There are many sporting events taking place right now. Also happening simultaneously is the usual maladministration right here in T&T; so much so that one is never short of topics to write about. But how could I not share with you my thoughts on the last two performances of the West Indies team in the 2019 ICC Cricket World Cup?
How do we start describing the efforts (or lack thereof) against England and Bangladesh? I must admit that I stupidly thought we would have given a good account of ourselves against England; not necessarily win, but at least fight them down to the wire. For the Bangladesh match, I felt that in spite of the last few ODI's against them, we would come out of the encounter victorious.
If the West Indies were a horse vs England, the trainer would have been disappointed as the West Indies never raised a gallop. The day following the loss, the team was torn apart by the English media. Headlines screamed, “It's apocalypse now for Woeful Windies,” England defeat poor West Indies”, “England defeat hapless Windies”. In one particular article, it referred to, “a bankrupt West Indies performance unravelled like a labrador puppy trailing toilet paper through the house”. It was embarrassing to say the very least.
We just about scraped to 212 thanks to another wonderful knock by Nicholas Pooran - this time 63 and 39 by Shimron Hetmyer. It was never going to be enough but at least we could have made life difficult for the English. Their opener, Jason Roy, tore his hamstring while in the field so it meant they had to use a makeshift opener. Captain Eoin Morgan left the field with back spasms and he would have been batting down the order and only in the case of an emergency. Surely our boys would have been aware of this and we needed an early breakthrough to put the English under pressure. They opened with Joe Root which again I felt if we get him early, the English could panic.

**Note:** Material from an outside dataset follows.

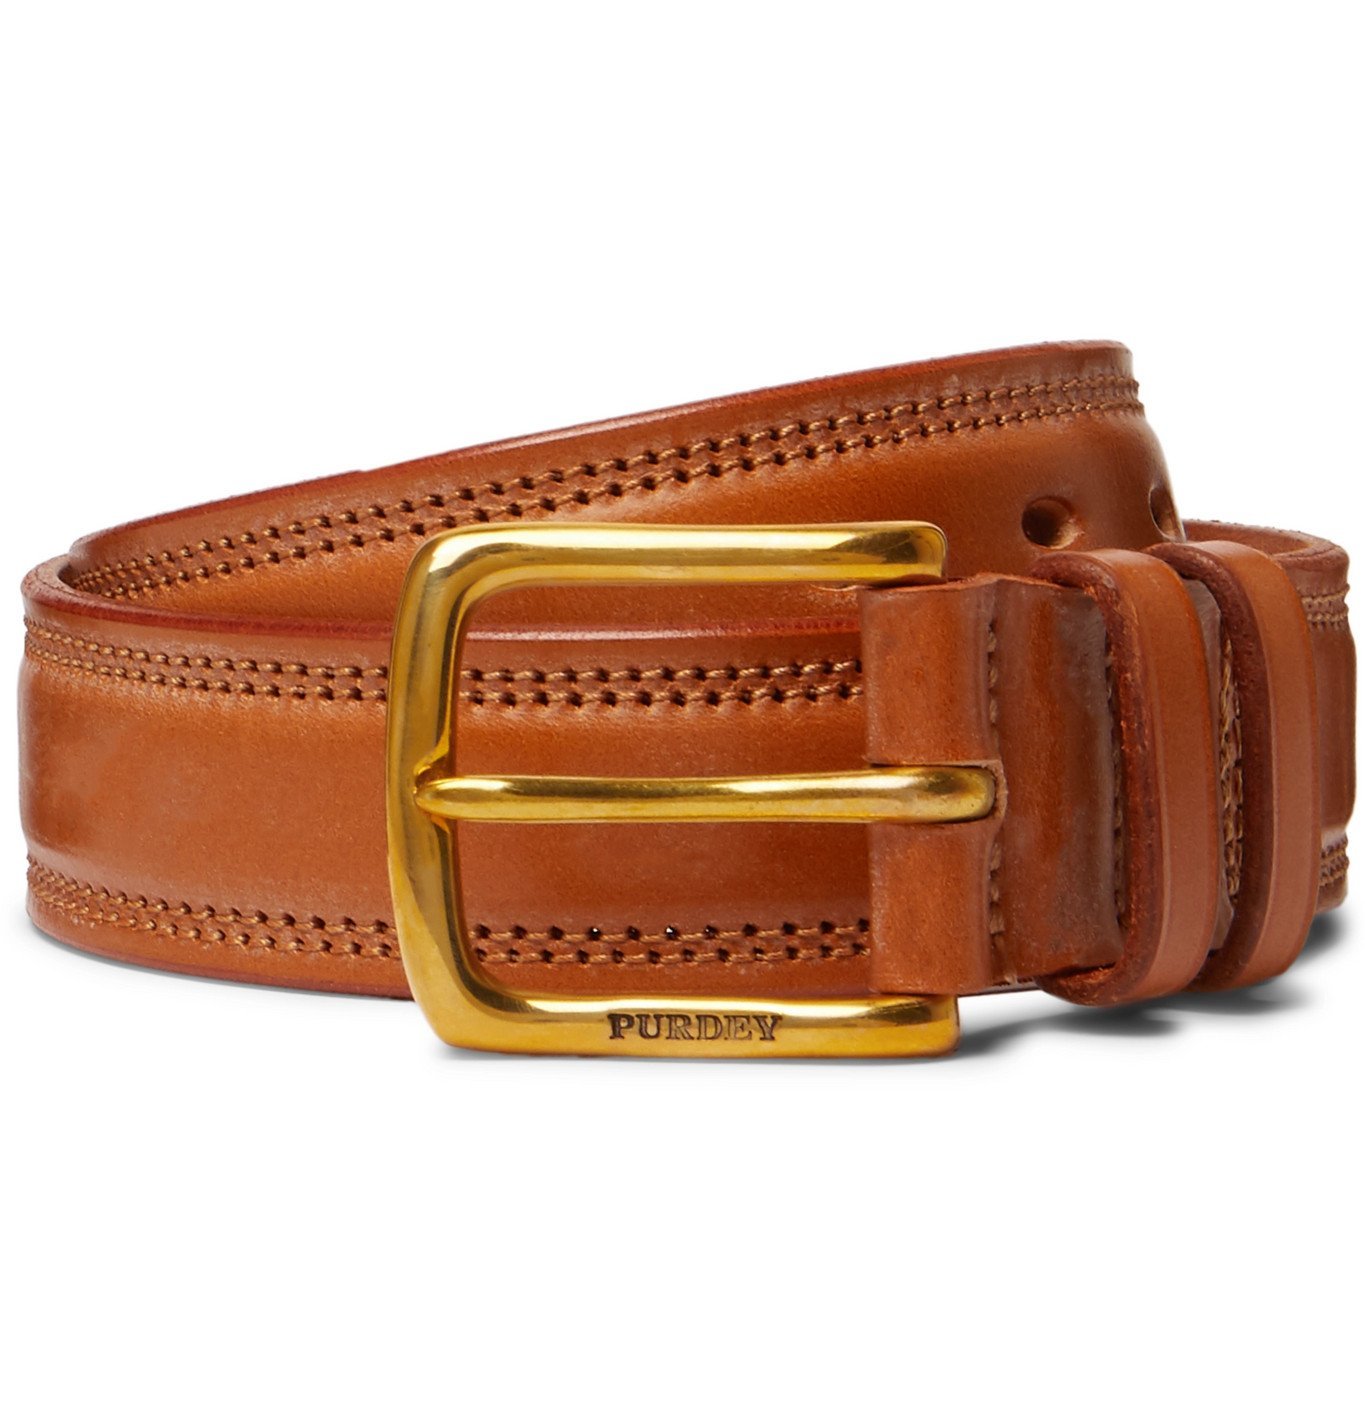 Purdey - 4cm Leather Belt - Brown Purdey
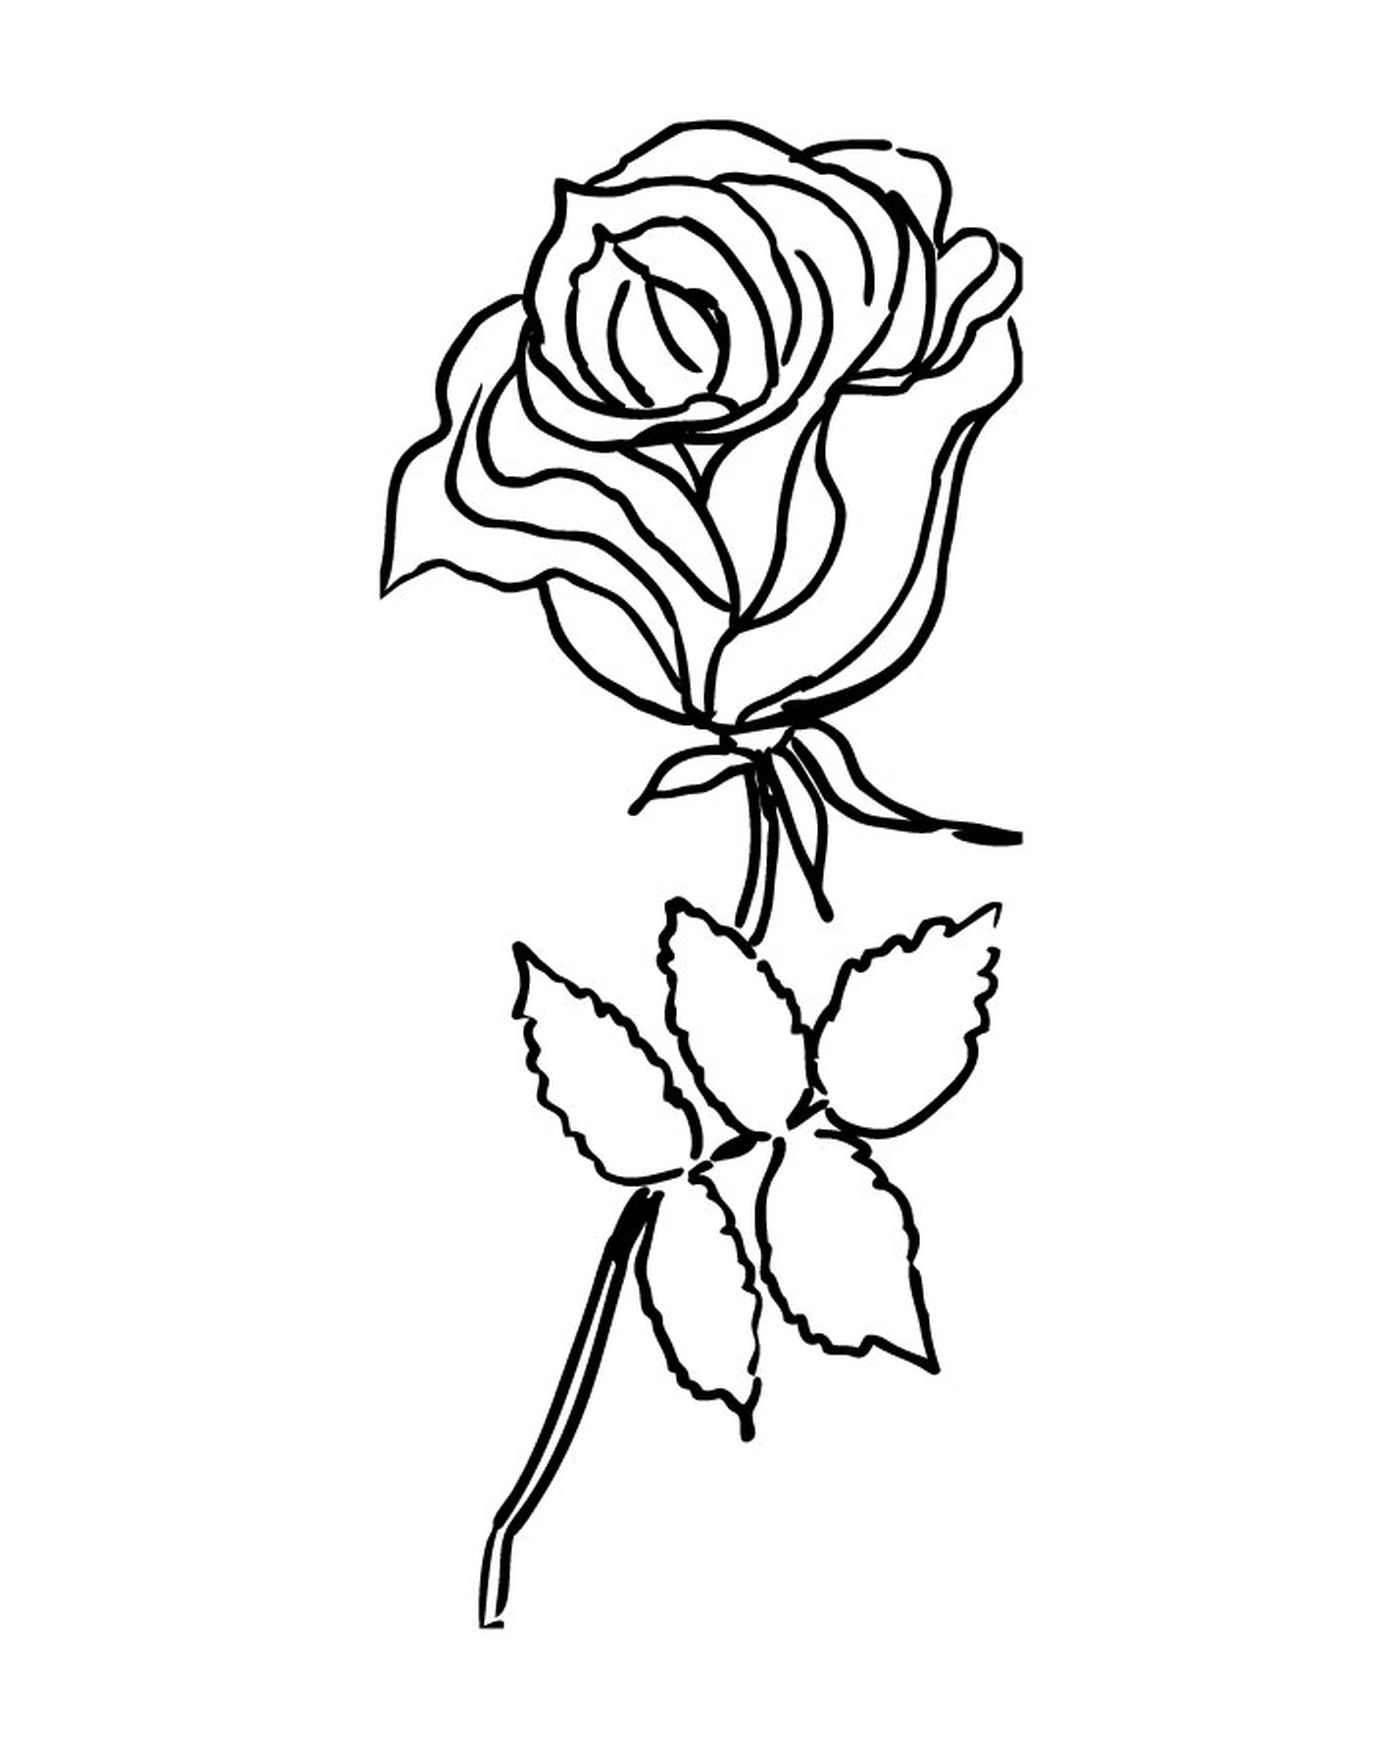  Rosa semplice ed elegante

Wishful thinking on my part as openers Jonny Bairstow and Root were moving smoothly along. Even when Andre Russell smashed the grille visor of Bairstow, it was Russell not Bairstow coming off for treatment as he landed in a heap after stumbling in his follow through. Not even Bairstow seemed worried by the ball; he was more concerned with the damage to the visor as the bowling was as passive as a herd of cows looking for the shade of a tree away from the sun. Worse was to follow when Chris Woakes, who usually bats at number 8 or 9, walked in at number 3. Thankfully Nasser Hussain could not bat as he was doing commentary and not registered.
Some would argue it was a good toss to win. Perhaps it was, but Chris Gayle got caught in the deep when set and Hetmyer and skipper Jason Holder both got out to Root. Maybe there was something in the pitch that eluded my sight. The English achieved 213 for 2 in 33.1 overs and had we bowled another 16.5 overs, the total could have been close to 375 and counting.
Four days on, I figured West Indies got the bad match out of the way and Bangladesh would suffer the anger and venom of a West Indies side that was humbled and humiliated by the English. Little did I expect the performance to be worse. We struggled early on but at one stage we looked set for 350 to 375. When Hetmyer departed, someone decided to push Darren Bravo to number 8 and promote Russell and Holder above him. What happened was Bravo came in with 6.2 overs to go, and with both the big hitters back in the pavilion, we only accumulated 40 runs instead of around 80, which would have taken the score to 361. I was still comfortable with 321; my thoughts at that time were if only we can bowl as well as we did against the Aussies, we should come away victorious.
It was not to be. The bowling was the most atrocious 41.3 overs that I have witnessed by a West Indies team. Of the 249 balls sent down, at least 200 were short and the Bangladeshi batsmen were waiting on it. For two days they went into the nets and with their batting coach - former South African batsman Neil McKenzie and their bowlers, they bowled short at their batsmen and all they did for 2 days was cut, hook, pull, get in line and duck. They were ready for us.
Joe Root had also given a similar story after the English victory saying to the media, “we spent two days working on the short stuff and you make sure you got a method and back yourself to do it under pressure”.
The problem is we don't seem to have a plan B or C. Surely someone has to think this is enough; pitch the ball up and bowl intelligently and use the short ball as the surprise weapon. When we won the test series here against this same Bangladesh team, of the 20 wickets to fall, 15 went to full-length deliveries - that should tell a story.
I will stick with my original four semi-finalists - Australia, India, England and South Africa. However, with the loss to New Zealand it apperas that the Kiwis will get into the semi-finals. West Indies, 'cheerio' to the 2019 CWC semifinals. Go on, make me eat my words.
Editor's note:
The views expressed in this column are solely those of the writer and do not reflect the views of any organization of which he is a stakeholder.